Past Meetup

Productionizing Spark Streaming, Tableau Spatial Queries, Spark Search Indexing

This Meetup is past

156 people went

Location visible to members


Talks start at 7:10pm

Productionizing a 24/7 Spark Streaming service on YARNIssac Buenrostro, Arup Malakar (Ooyala)

At Ooyala we must process over two billion video events a day and provide rich, near real-time, and always-available analytics to thousands of customers. Spark Streaming is core to our state of the art ingestion pipeline. In developing this system we have encountered and resolved a large number of undocumented challenges which we would like to share: What are some of the challenges and lessons from productionizing a Spark Streaming pipeline over YARN? How do you ensure 24/7 availability and fault tolerance? What are the best practices for Spark Streaming and its integration with Kafka and YARN? How do you monitor and instrument the various stages of the pipeline? We will dive into all these topics and more.

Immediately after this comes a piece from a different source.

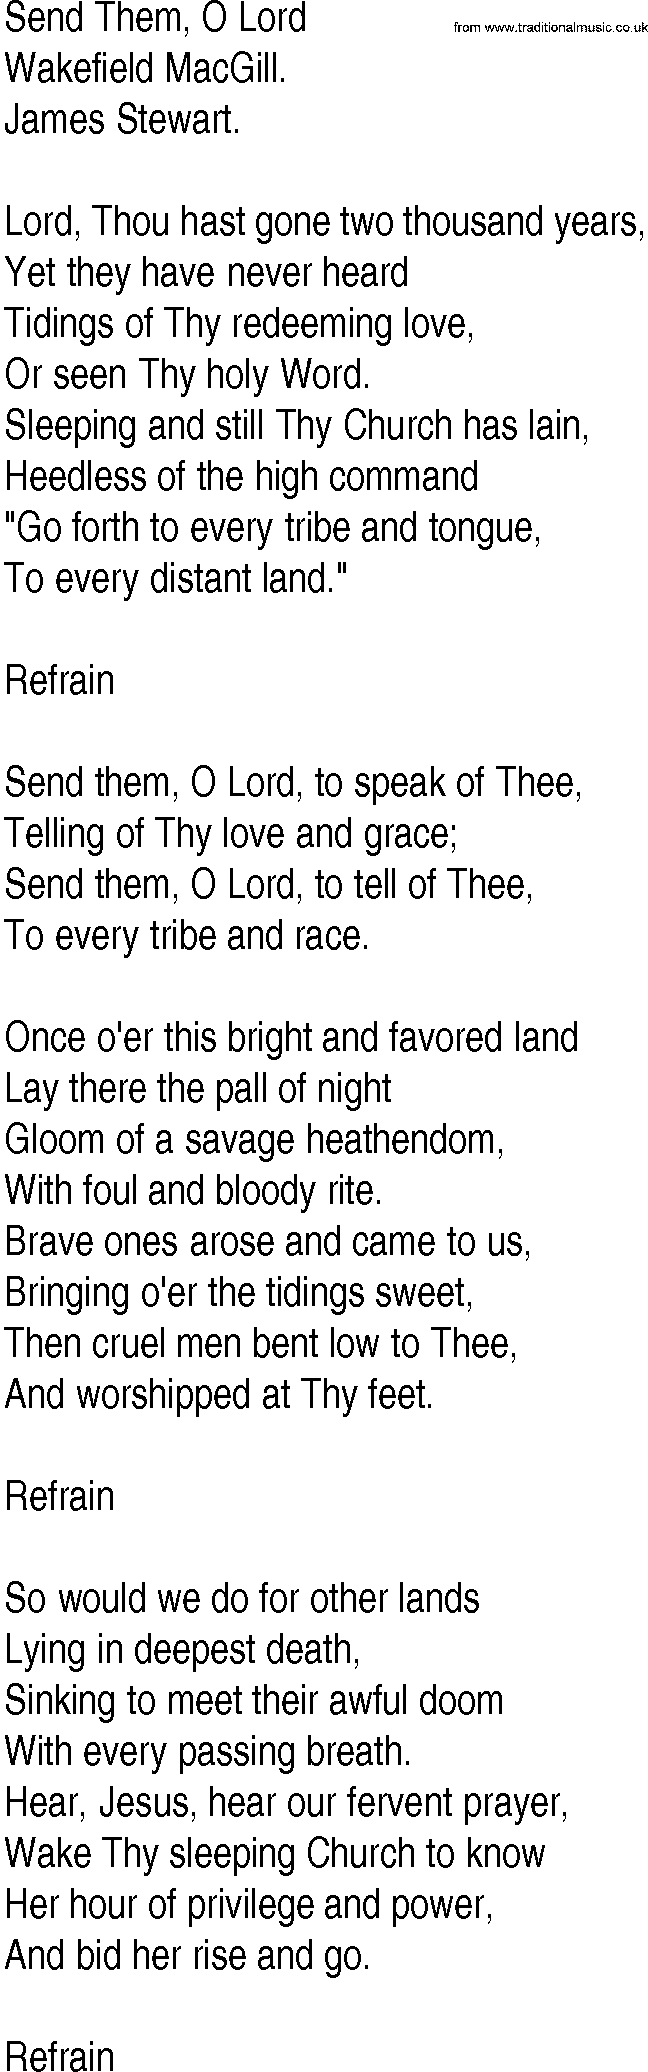 Hymn and Gospel Song: Send Them, O Lord by Wakefield MacGill lyrics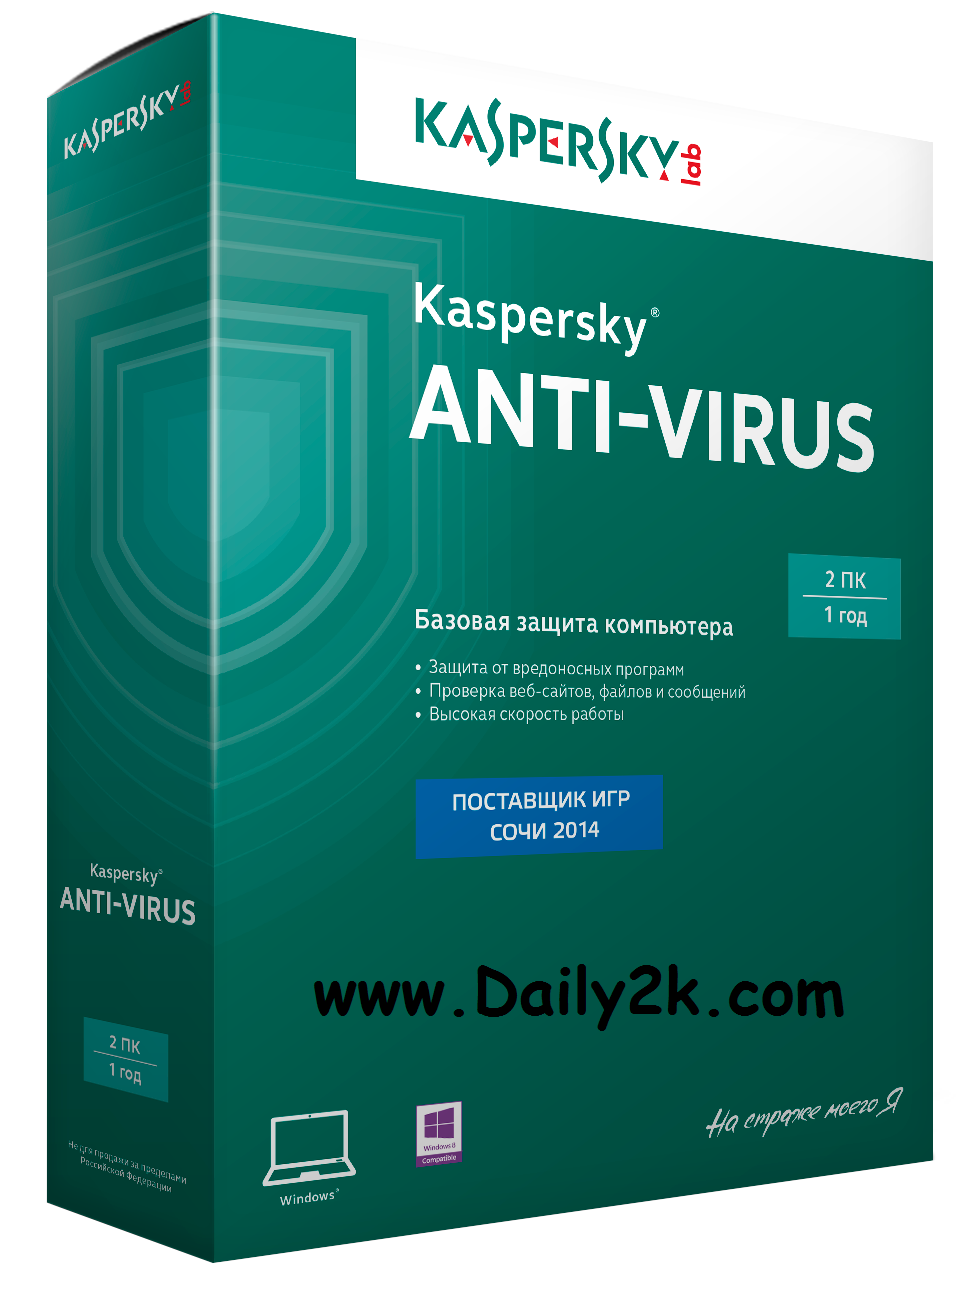 Kaspersky Antivirus 2016 Activation Code

Issac Buenrostro is a software engineer at Ooyala creating a new ingestion system for video analytics events using Spark, YARN, Thrift, and Parquet. Before Ooyala he obtained a Bachelors degree from MIT and a Masters from Stanford in applied mathematics working on high performance scientific computing.

Arup Malakar works on the next gen ETL pipeline of analytics at Ooyala and uses Spark Streaming, YARN and Kafka for it. Before Ooyala he contributed to apache Hive, HCatalog and helped built the hosted platform for processing feeds at Yahoo! Arup holds a Bachelor in Computer Science from IIT, Guwahati.

Speaker #2: Spatial Analytics Demo

Spatial Analytics demo using Tableau as a follow on to the Hive Spatial Queries posted here:

Goal is to get people started on Tableau visualizations for individual projects.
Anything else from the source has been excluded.